Taxonomic affiliation of OTUs

In some groups of organisms, an argument for choosing a particular clustering threshold can be made by identifying a ‘barcoding gap’ (or barcoding window); that is, a gap between non overlapping distributions of taxa. This approach has, for example, been used in several fungal groups (Frøslev et al., 2007; Jargeat et al., 2010; Harder et al., 2013). Unfortunately, our analysis of the 193 sequences assigned with a name shows that no such barcoding gap exists in Cercozoa (see also results and discussion), as the distribution of the interspecific diversity extends continuously all the way down to 0%. Hence, to eliminate as much artefactual diversity as possible without over-compromising phylogenetic resolution, we chose a conservative 5% level for OTU separation. We first blastn-searched the remaining 1143 OTUs locally against a custom cercozoan database (David Bass, in preperation). This enabled us to group them roughly into higher level groups approximating to Order/Class. We then used GenBank to blastn-search for representatives for these higher level groups. The top blastn hits, including as many named or otherwise characterized database sequences as possible, were retrieved and aligned with the OTUs generated in this study using the E-ins-i algorithm in MAFFT (Katoh and Standley, 2013) and phylogenetically analysed using RaxML BlackBox (Stamatakis et al., 2008). We constructed an ML tree in RAxML BlackBox (using the GTRGAMMA) of the HTS sequences within a set of longer 18S reference sequences using the approach described in Dunthorn et al. (2014). An approach using only V4 for the whole analysis gave a similar result but with less backbone resolution because this approach removes informative data from the analysis.

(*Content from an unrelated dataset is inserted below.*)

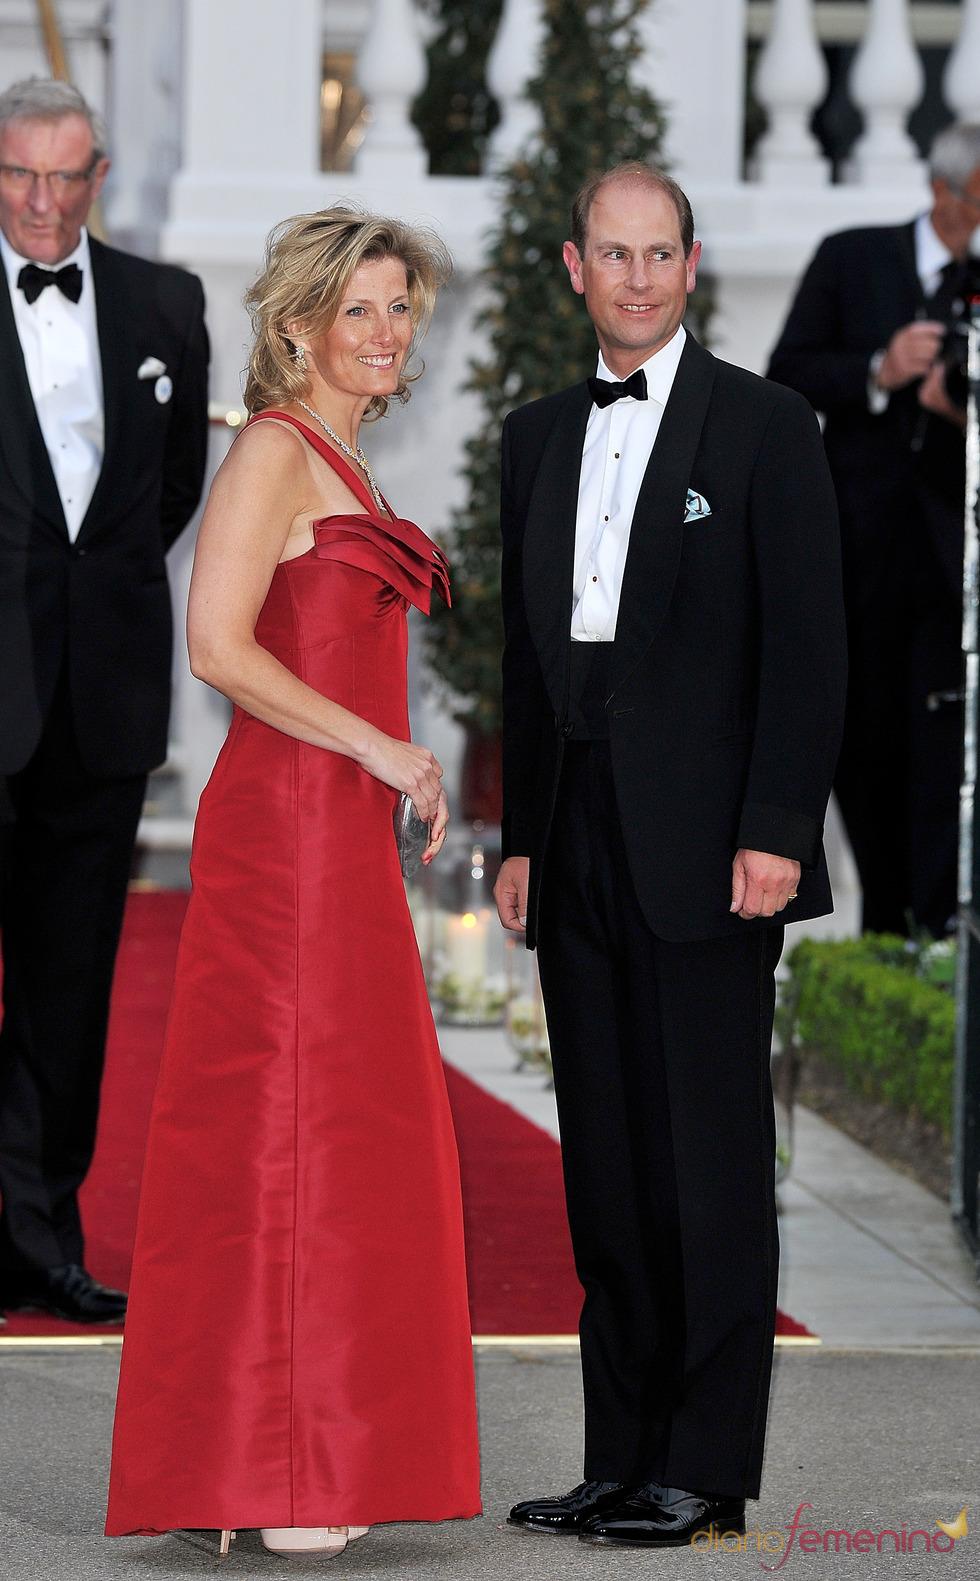 El Príncipe Eduardo y su esposa Sofía de Wessex en la cena pre-boda real

We used the resulting trees to assign OTUs as far as possible to named genera, higher level groups or environmental clades. We used a similar taxonomic framework as the one used in several recent studies of cercomonads, glissomonads, Granofilosea and other rhizopodial forms, as well as Cercozoa in general (Bass et al., 2009a, b; Howe et al., 2009, 2011). We included the % sequence identity in the OTU name to indicate the degree of similarity of the OTU to the best-matched database sequence. We made no attempt to assign any OTUs to species level. This may be possible for 100% complete 18S ribosomal DNA reads, however, in the vast majority of cases it would be misleading to imply such a high resolution. We considered OTUs assigned to the orders Euglyphida, Cryomonadida, and Thecofilosea, and the genera Trinema, Rhogostoma, Corythion, Cyphoderia, Ovulinata, Euglypha, Trachelocorythion, Assulina, Pseudodifflugia, Tracheleuglypha and Ebria as testate.